─── INPUT DATA
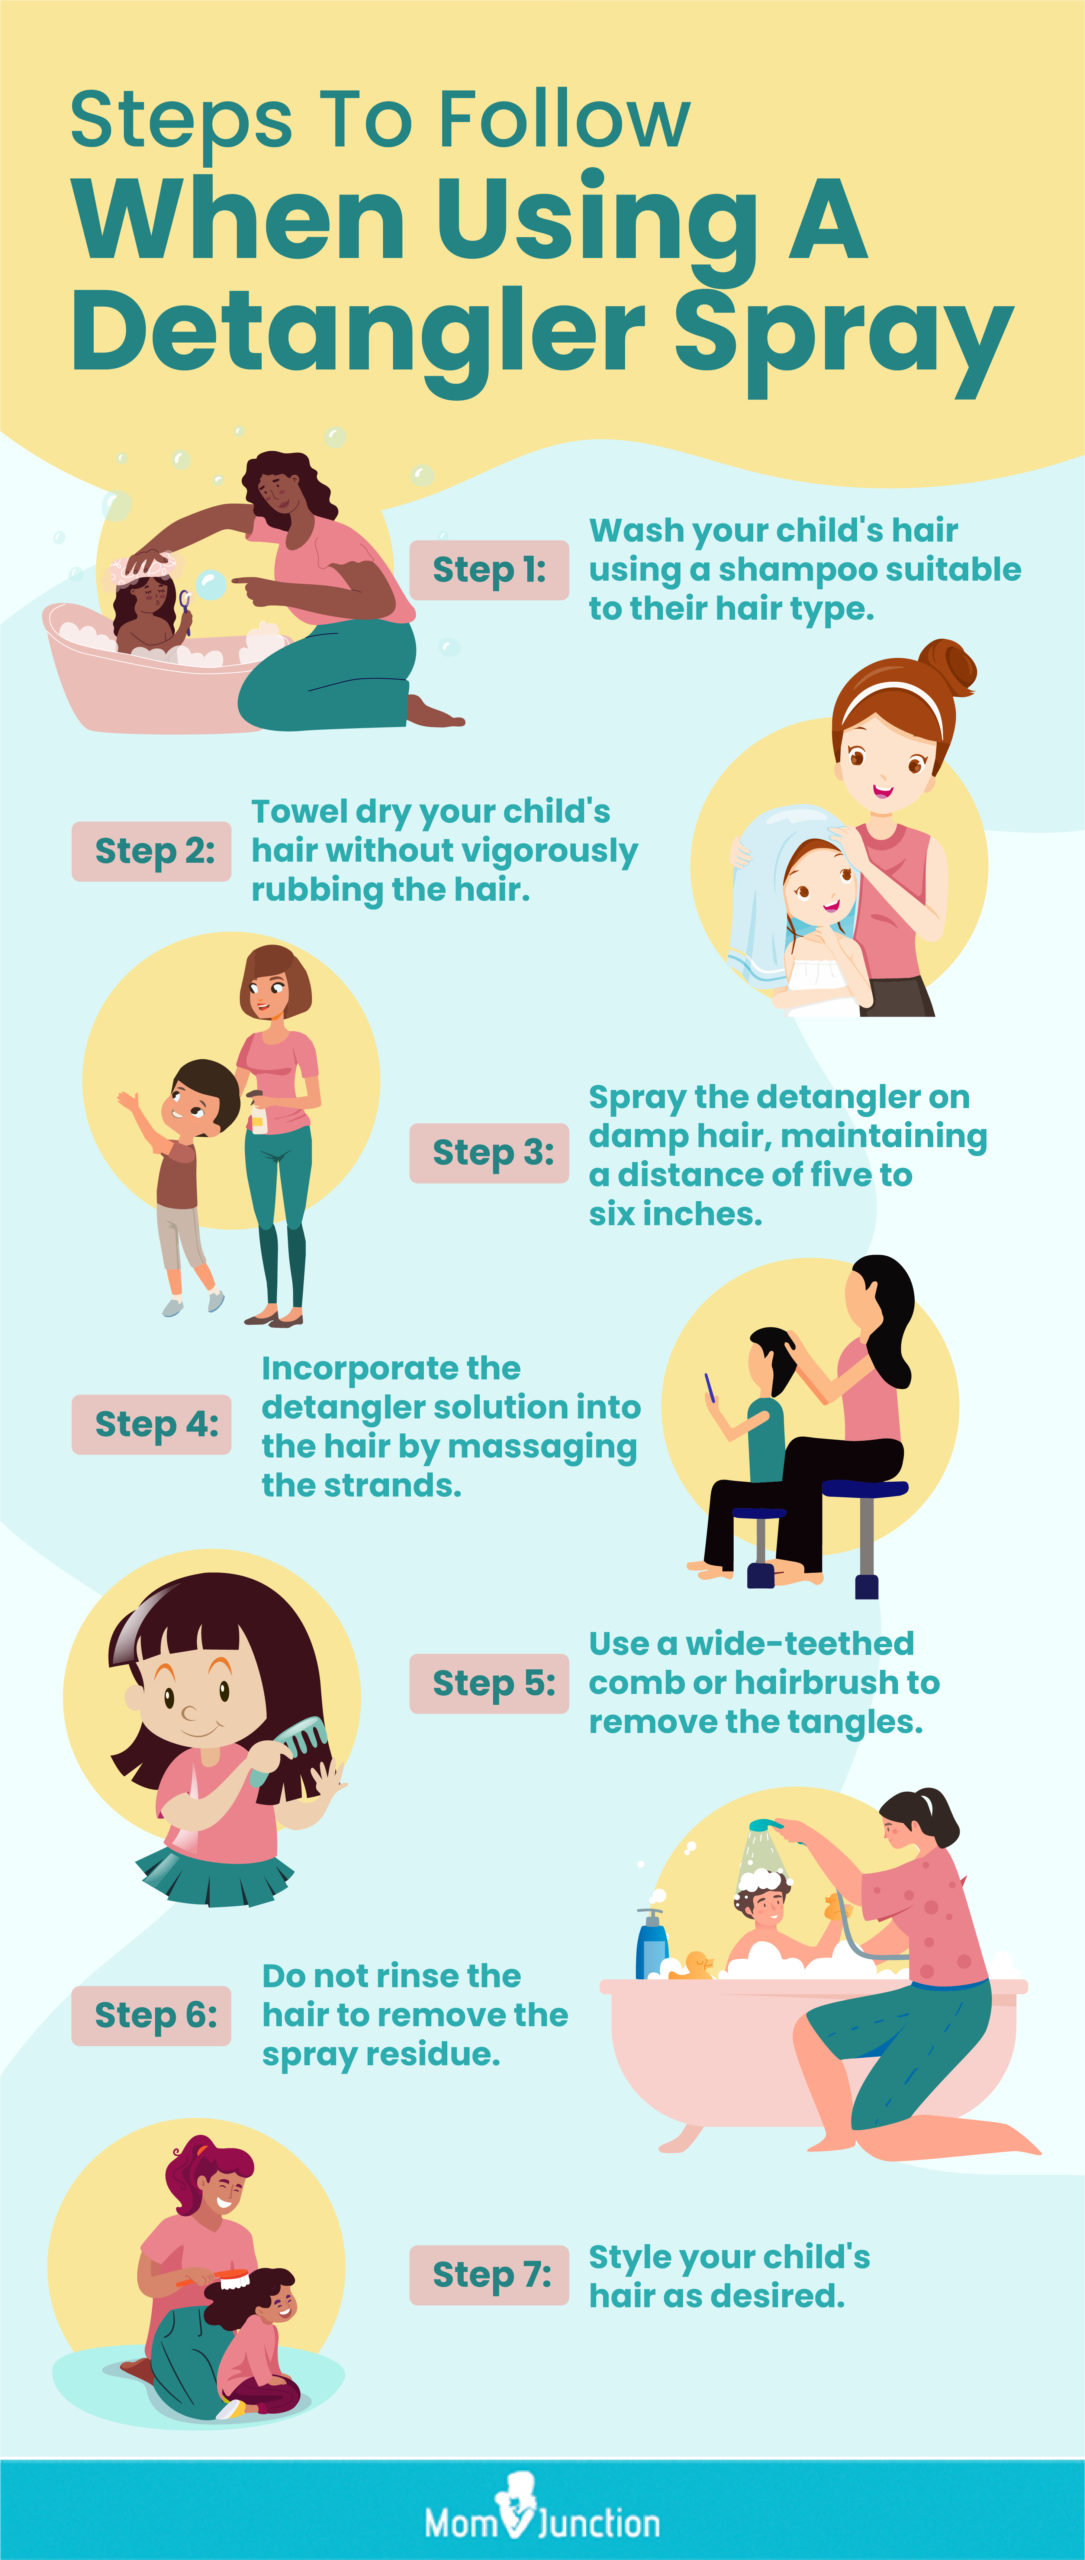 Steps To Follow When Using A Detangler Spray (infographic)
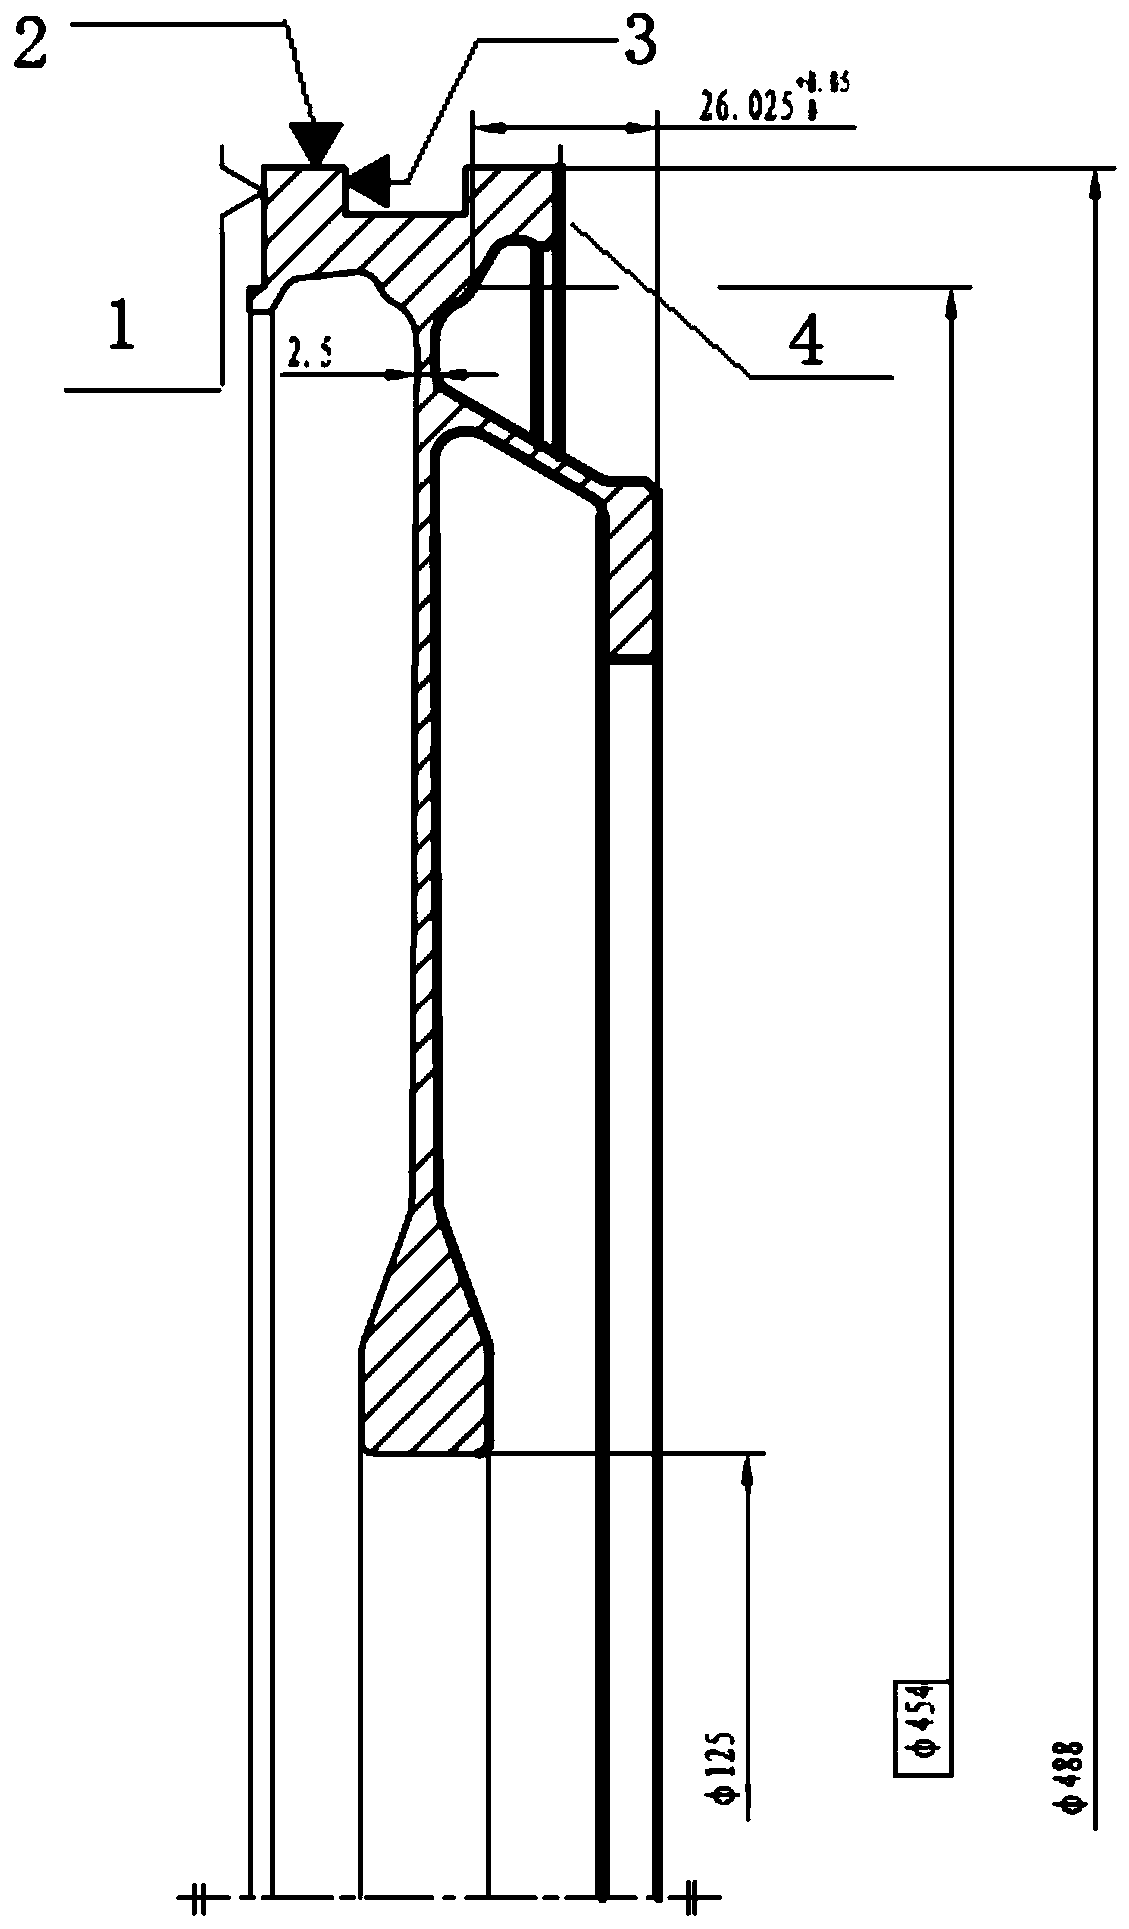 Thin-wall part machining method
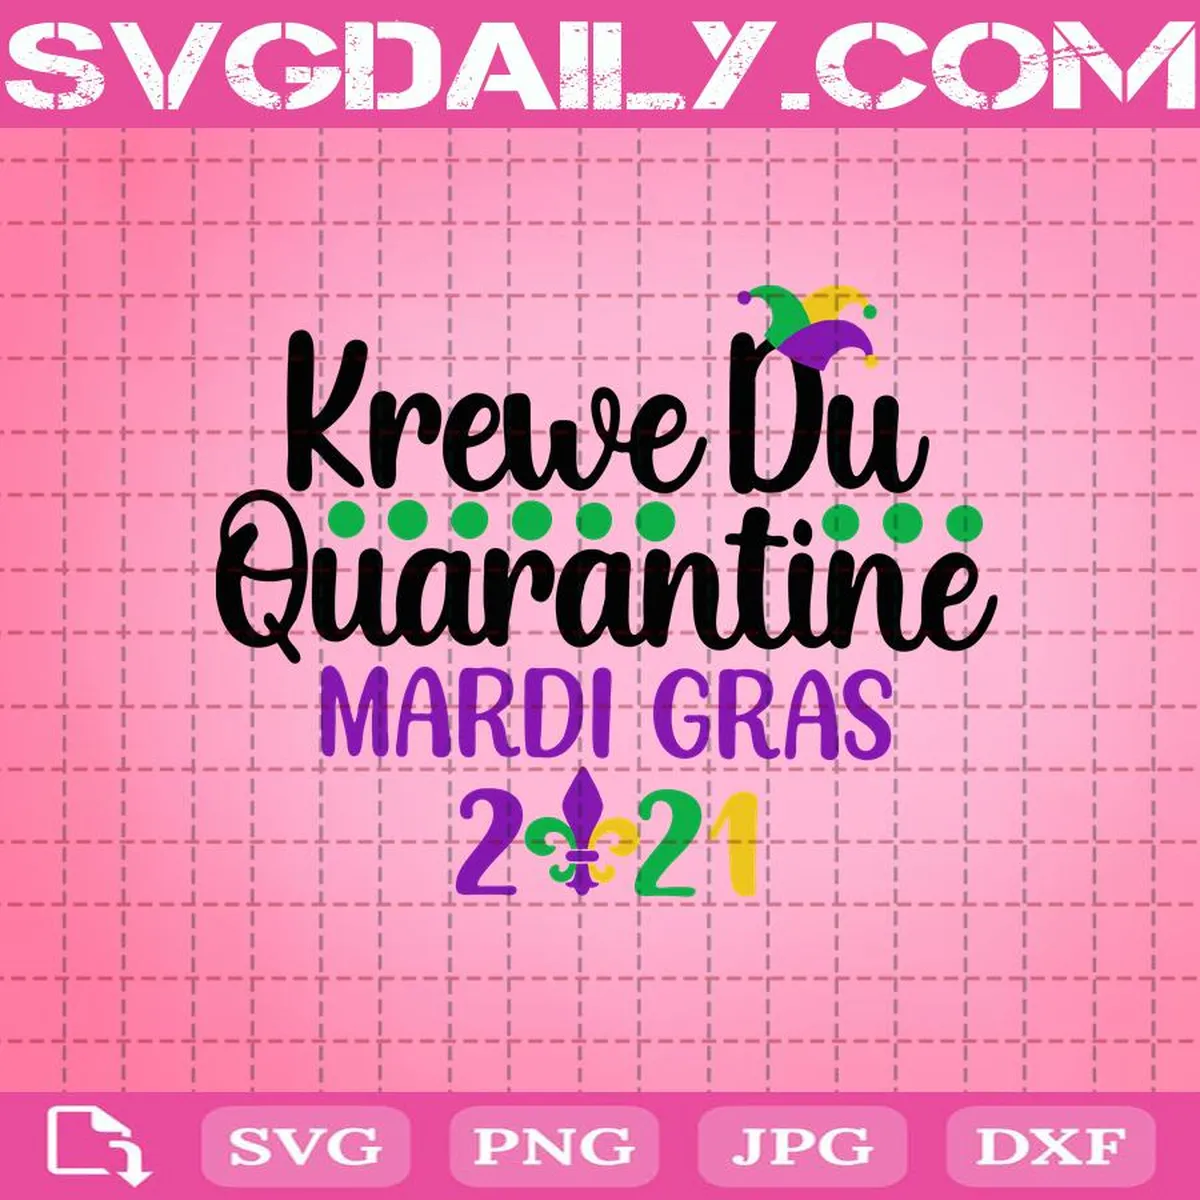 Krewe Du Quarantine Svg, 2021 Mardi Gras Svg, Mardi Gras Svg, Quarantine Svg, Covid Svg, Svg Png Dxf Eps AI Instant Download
──────
EXERCISE REQUIREMENTS:
The listing above should be repeated word for word, with every image left out.

COMPLETED TASK:
 Steps To Follow When Using A Detangler Spray (infographic)
 Thin-wall part machining method
 Krewe Du Quarantine Svg, 2021 Mardi Gras Svg, Mardi Gras Svg, Quarantine Svg, Covid Svg, Svg Png Dxf Eps AI Instant Download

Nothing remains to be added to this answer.